Attendu qu'il résulte du rapport que les mesures relatives à la réduction du personnel envisagées antérieurement n'ont pas eu lieu au cours de la période de référence mais seulement deux (2) agents ont été recrutés pour compter du 1er décembre 2000.
Attendu par ailleurs que le rapport constate que l'augmentation du capital de six cent millions (600.000.000) Francs CFA dont cent cinquante millions (150.000.000) Francs CFA à libérer en 1999 n'a pas eu lieu au cours de la période de référence et rien ne laisse entrevoir la réalisation de cette opération dans les tous prochains mois.
Attendu enfin que sur les mesures relatives à l'apurement du passif, pour des créances d'un montant total de trois cent soixante dix neuf millions quatre cent soixante onze mille cent vingt neuf (379.471.129) Francs CFA échelonnées à cent vingt cinq millions (125.000.000) Francs CFA pour l'an 2000, cent vingt cinq millions (125.000.000) Francs CFA pour l'an 2001, cent vingt neuf millions (129.000.000) Francs CFA pour l'an 2002, le rapport constate qu'aucun règlement n'a été fait au profit des créanciers.
Attendu que le représentant des créanciers a confirmé ledit rapport en déclarant à l'audience qu'aucun créancier n'a été désintéressé par le débiteur.
Attendu qu'à ce stade le rapport conclut à un retard dans (l'exécution du plan), dans la mise en œuvre du plan de redressement après douze (12) mois d'adoption, surtout à une incertitude quant aux recettes attendues à cet effet et déplore que le plan de redressement n'ait jusque là pas pu être respecté.
Attendu qu'il est constant qu'à compter du jugement qui arrête le plan de redressement de l'entreprise, le débiteur retrouve en principe avec ses pouvoirs sa liberté de gestion, sous la seule réserve des mesures que le tribunal aura pris le soin de lui imposer ou de lui interdire, en les incorporant dans le plan;
Attendu que tel est le cas des différentes mesures ci-dessus relatées.
Attendant qu'autant ces mesures constituent la clé du redressement, autant l'inexécution ou le retard de la mise en œuvre donne lieu à la résolution du plan.
Attendu que le redressement exige promptitude et rigueur dans la mise en œuvre du plan.

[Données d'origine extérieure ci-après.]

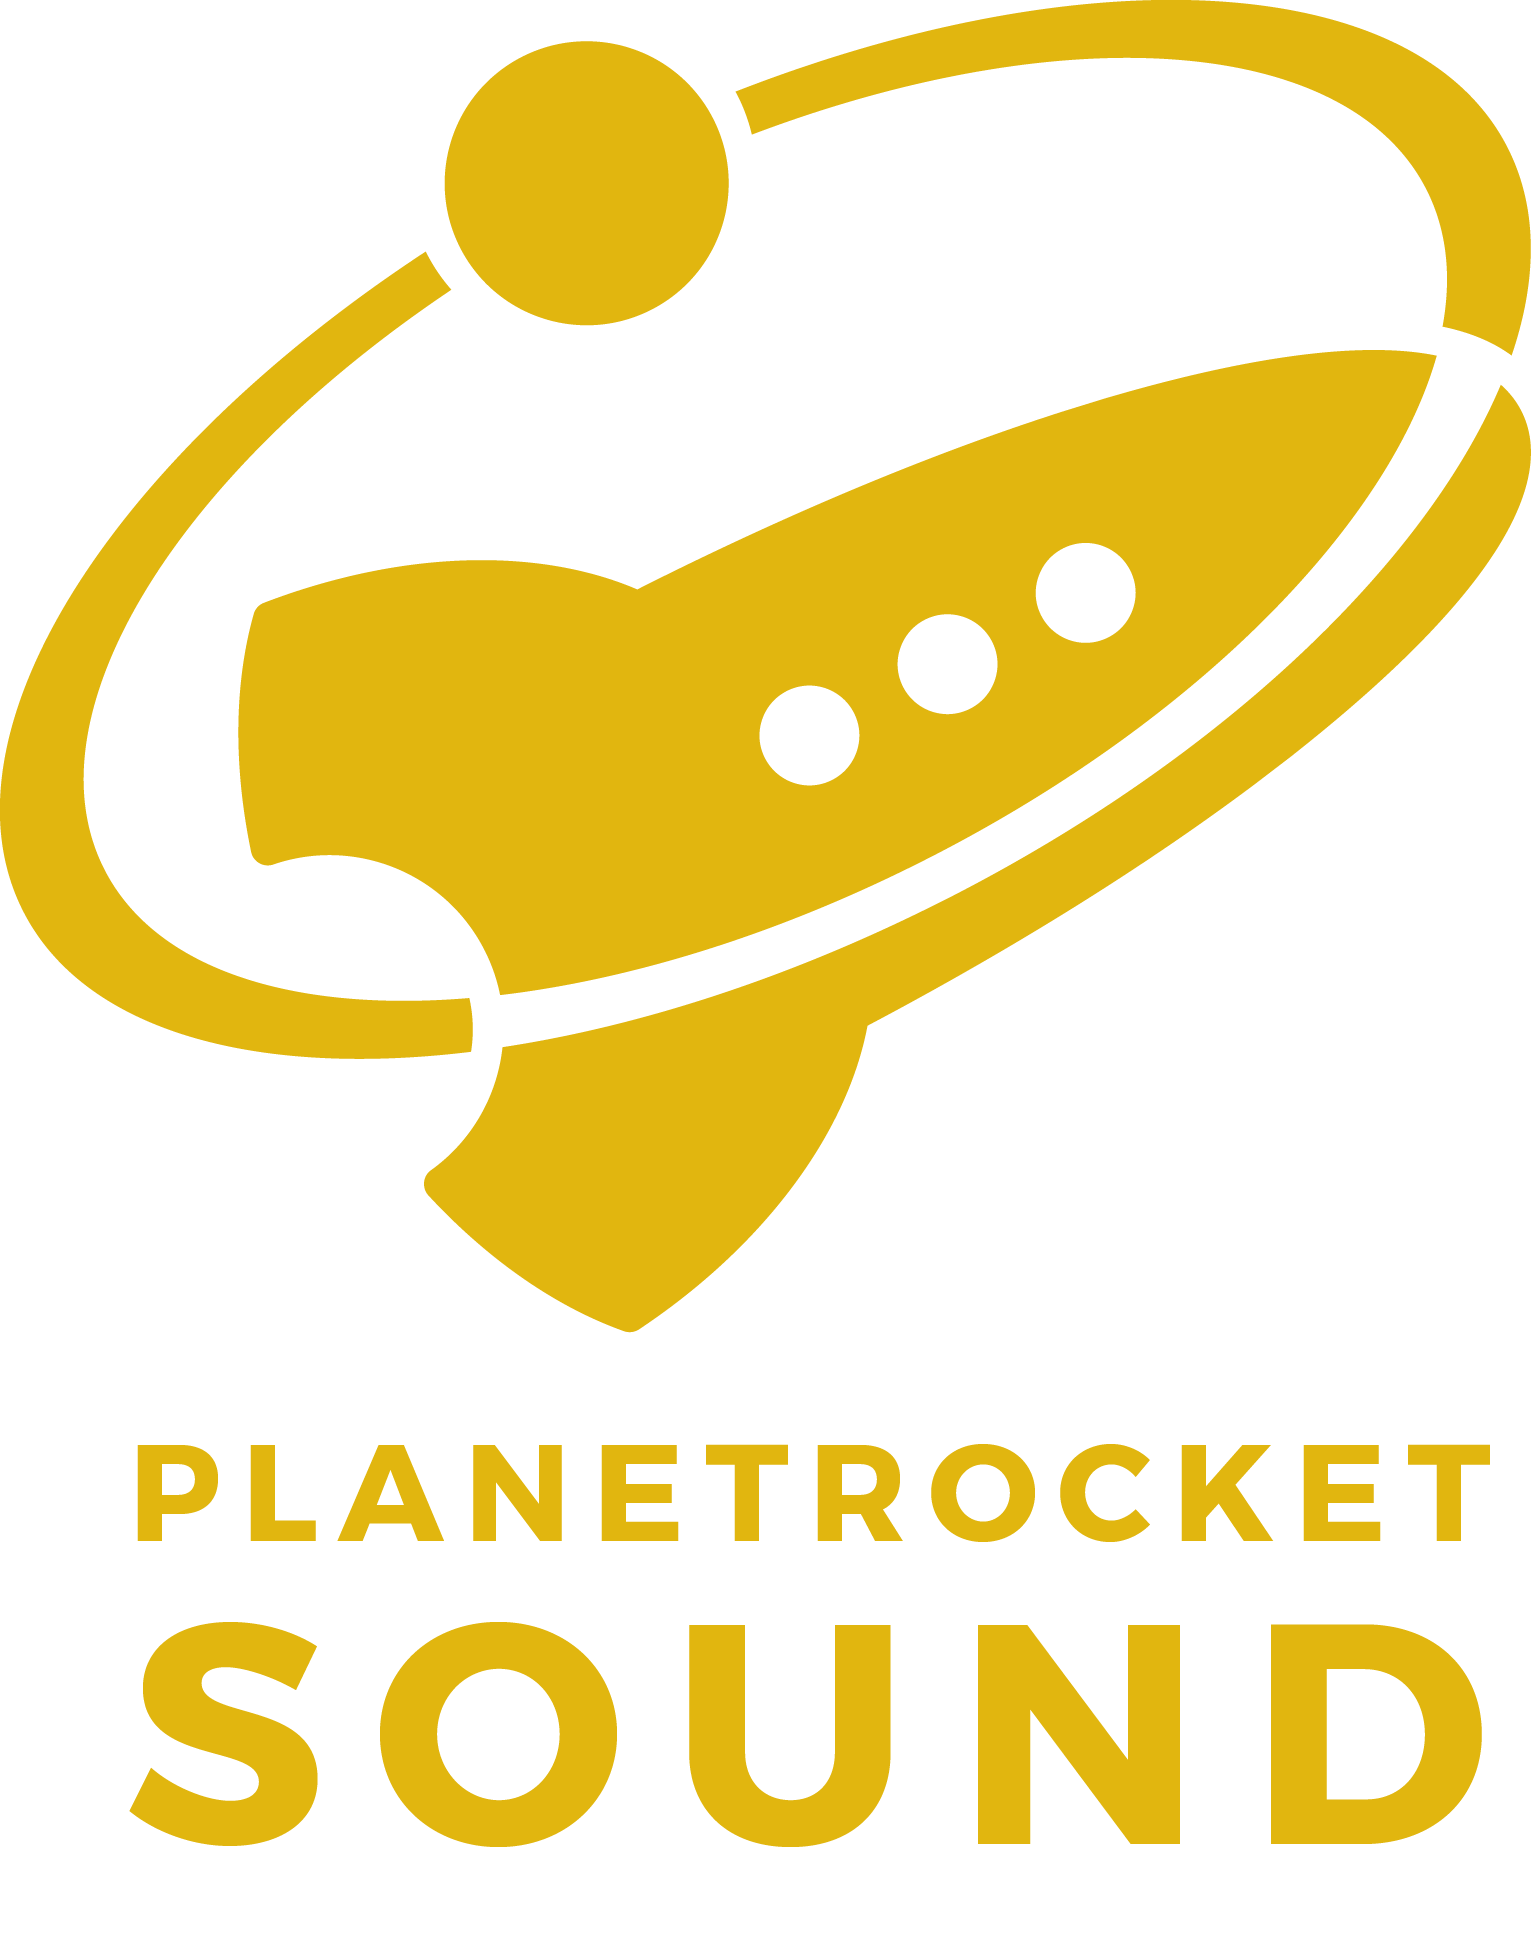 Planet Rocket Sound

Que cependant en l'espèce, une incertitude règne quant à la capacité et à la possibilité du débiteur à trouver en temps opportun les moyens de mettre en œuvre le plan;
Que quand bien même l'exécution doit s'étaler sur trois ans, encore faut-il pouvoir commencer l'exécution du plan;
Attendu que le retard observé dans la mise en œuvre du plan de redressement et l'incapacité du débiteur à exécuter ses engagements dans les délais compromettent le succès de la procédure de redressement autant qu'elles n'assurent pas de la possibilité du débiteur de présenter un concordat sérieux;
Attendu que les intérêts des différentes parties prenantes sont le moins préservées; que la liquidation de l'entreprise apparaît la solution la plus judicieuse;
Attendu qu'il y a lieu de convertir dès lors le redressement judiciaire de la société FLEX-FASO en liquidation des biens.
Attendu qu'aux termes de l'article 35 de l'acte uniforme précité, "La décision d'ouverture nomme un juge-commissaire parmi les juges de la juridiction...".

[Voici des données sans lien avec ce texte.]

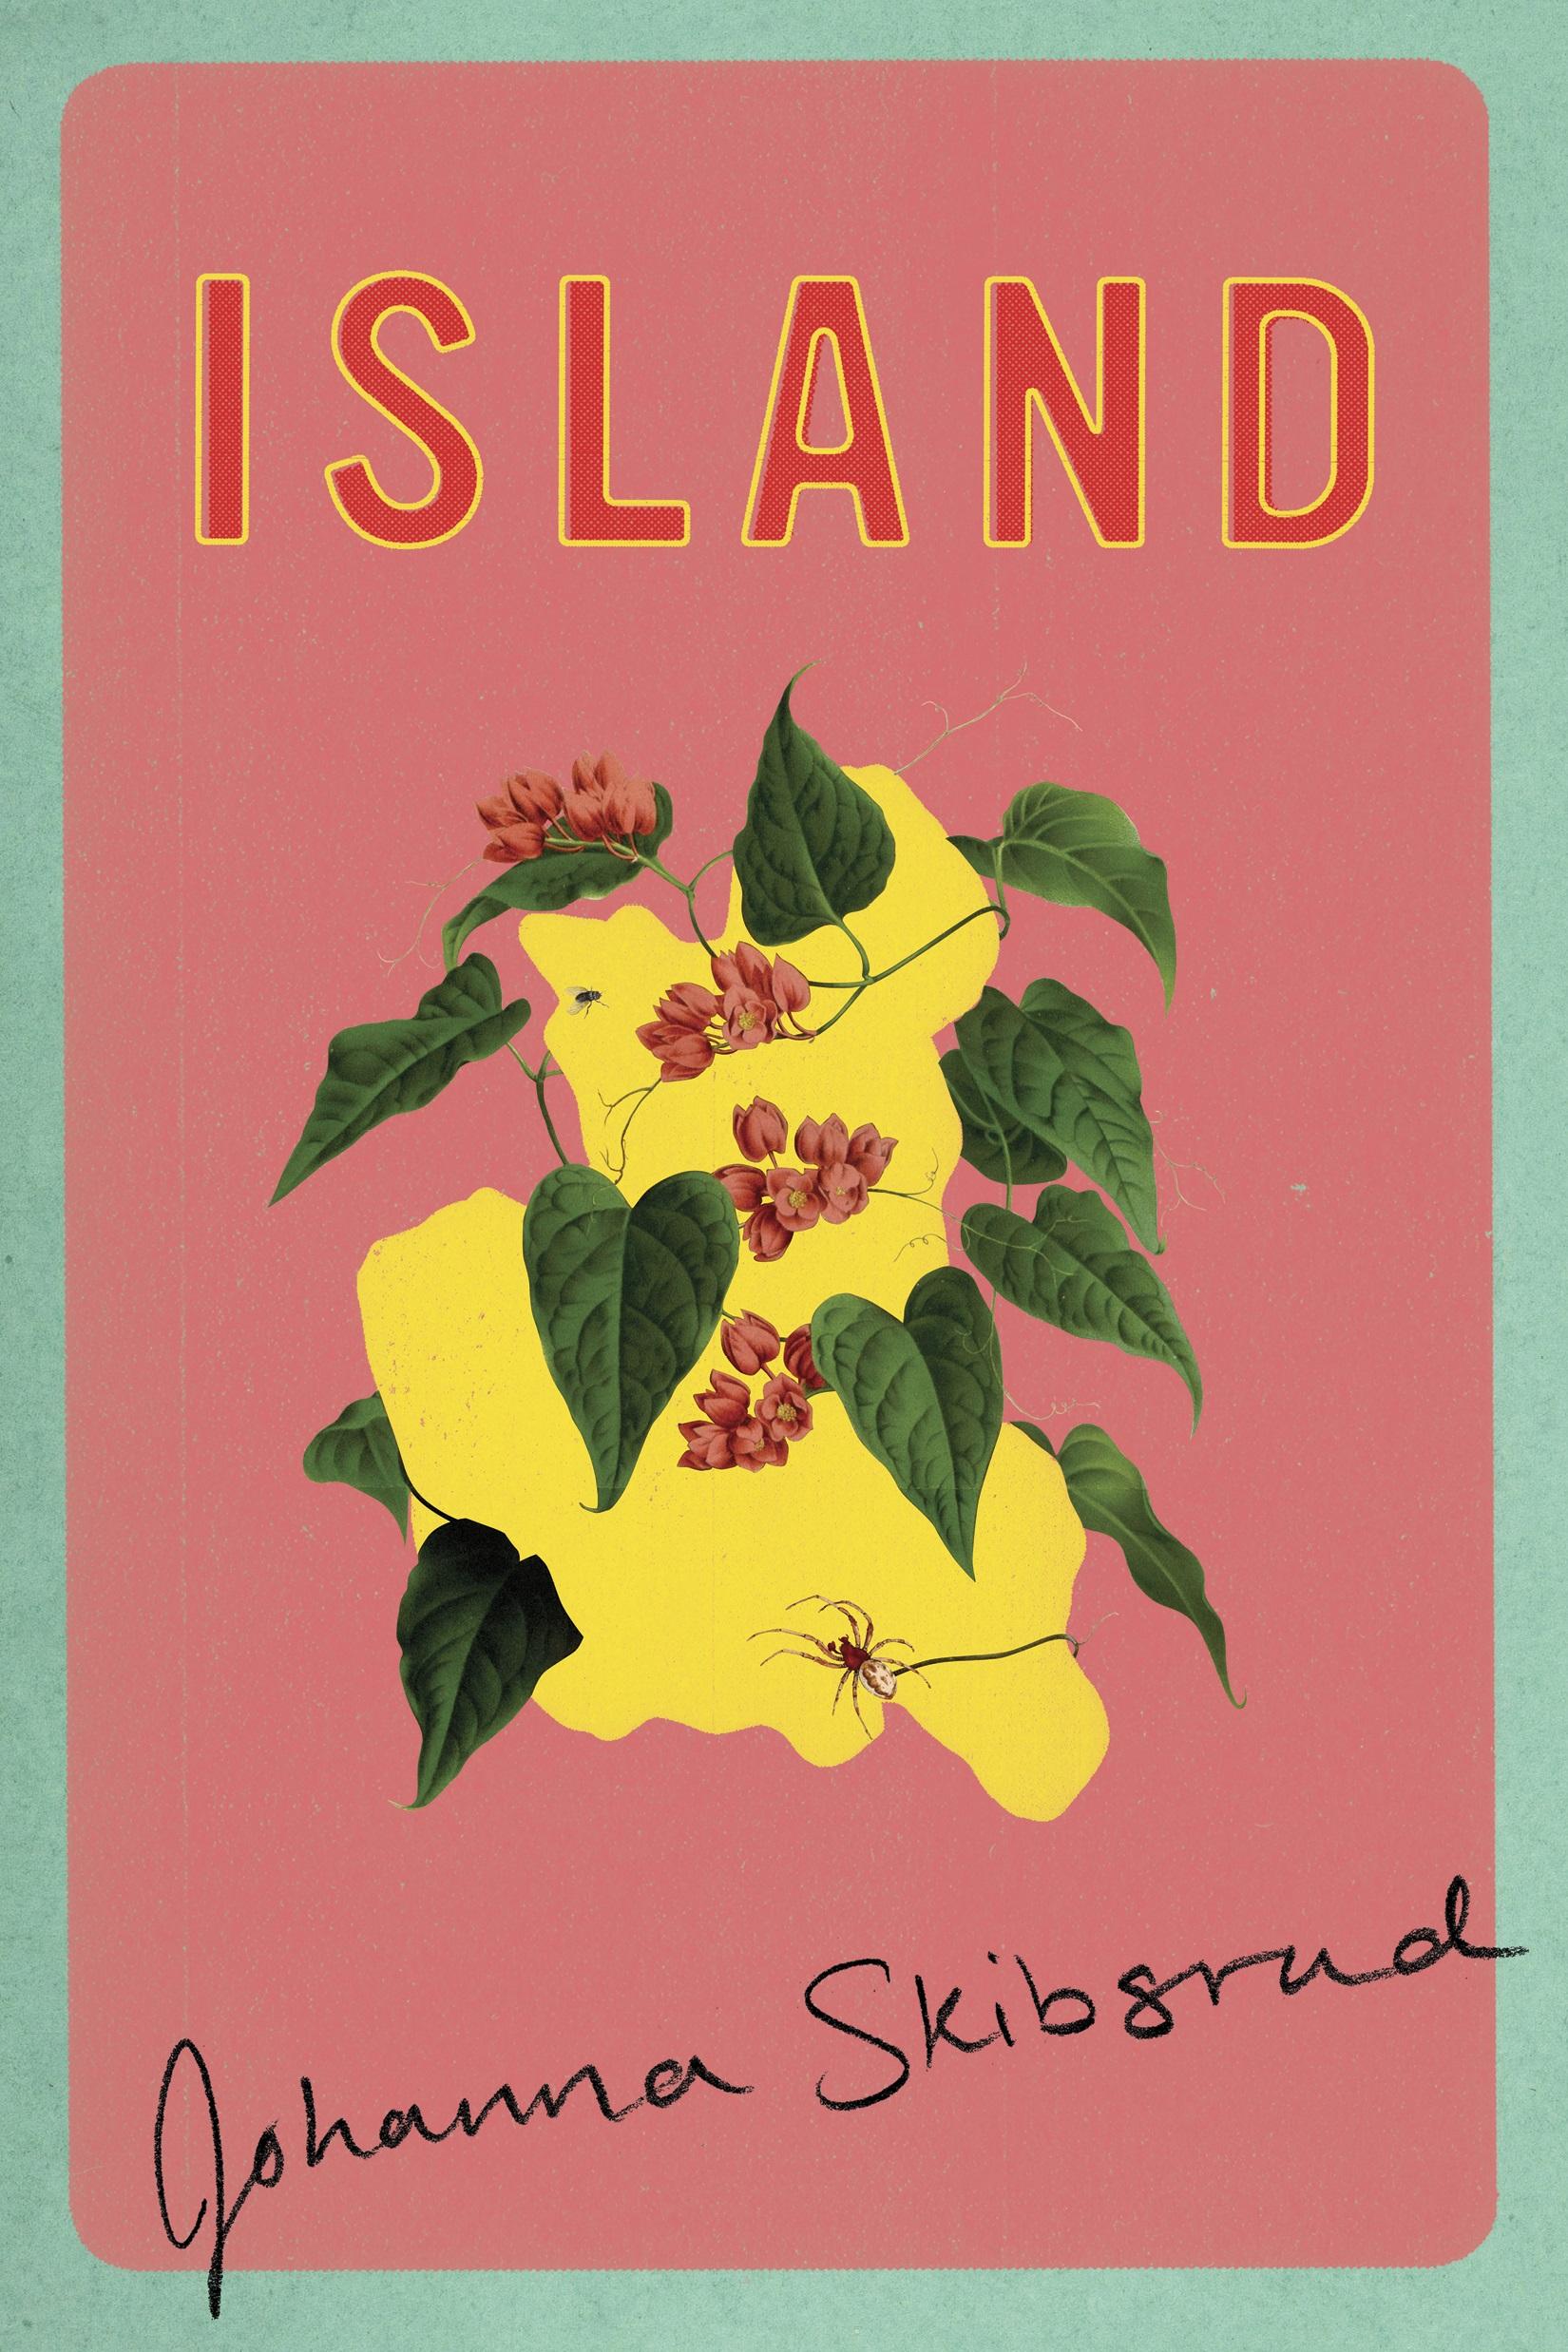 Island.jpg

Il désigne le ou les syndics sans que le nombre de ceux-ci puisse excéder trois...".
Attendu qu'en application du texte précité il y a lieu de nommer monsieur BATIONO Balia Désiré, juge-commissaire à la liquidation de la Société FLEX-FASO, et désigner monsieur ZINKONE Bassèga dit Célestin, expert comptable et maître ZONGO Inoussa, avocat, en qualité de syndics liquidateurs chargés de la liquidation de la société FLEX-FASO.
Attendu que les frais sont à mettre à la charge de la liquidation.
PAR CES MOTIFS
Le tribunal statuant contradictoirement en matière commerciale et en premier ressort :
Prononce la liquidation des biens de la société FLEX-FASO,
Nomme BATIONO Balia Désiré juge-commissaire,
Désigne monsieur ZINKONE Bassèga dit Célestin, expert comptable et maître Inoussa ZONGO, avocat à la Cour, en qualité de syndics liquidateurs chargés de la liquidation de la société FLEX-FASO.
Met les dépens à la charge de la liquidation.